= Secret service =

Type of government agency

A secret service is a government security agency or intelligence agency concerned with clandestine gathering of intelligence data and conducting covert operations related to national security. The tasks and powers of a secret service can vary greatly from one country to another. For instance, a country may establish a secret service which has some high policing powers (such as surveillance) but not others. The powers and duties of a government organization may be partly secret and partly not. The person may be said to operate openly at home and secretly abroad, or vice versa. Authoritarian and totalitarian regimes usually operate as police states where a secret service may assume the role of a secret police. In the USA, government agencies usually considered secret services include the Central Intelligence Agency, the Defense Intelligence Agency, the Federal Bureau of Investigation, the National Security Agency, the United States Secret Service and the Drug Enforcement Administration.

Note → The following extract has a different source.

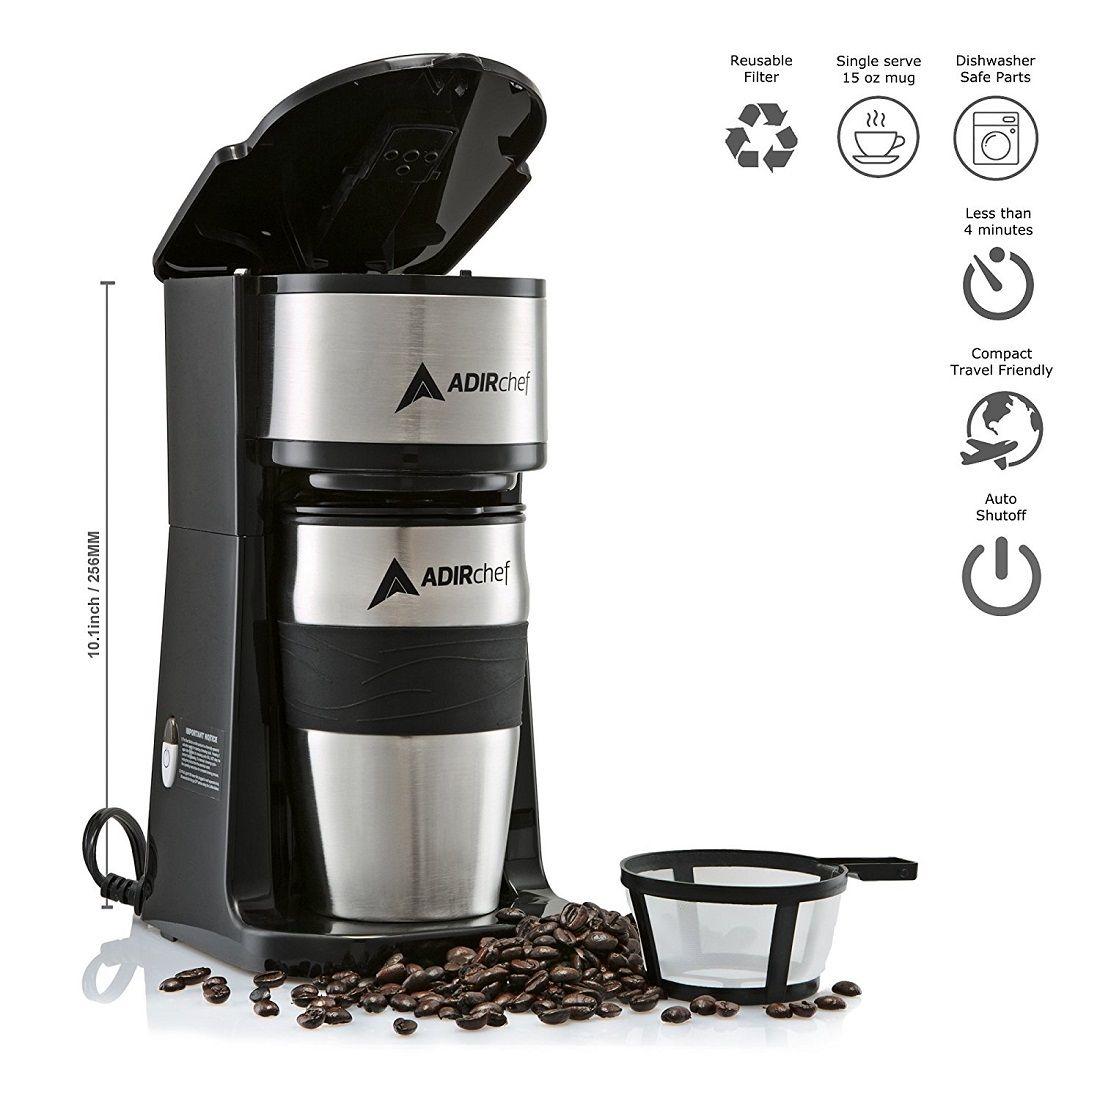 Adirchef grabn go black single serve coffee maker with

Various states and regimes, at different times and places, established bodies that could be described as a secret service or secret police – for example, the agentes in rebus of the late Roman Empire were sometimes defined as such. In modern times, the French police officer Joseph Fouché is sometimes regarded as a pioneer of secret intelligence; among other things, he is alleged to have prevented several murder attempts on Napoleon during his time as First Consul (1799–1804) through a large and tight net of various informants. William Wickham is also credited with establishing one of the earliest intelligence services that would be recognized as such today and a pioneer of basic concepts of the profession, such as the "intelligence cycle".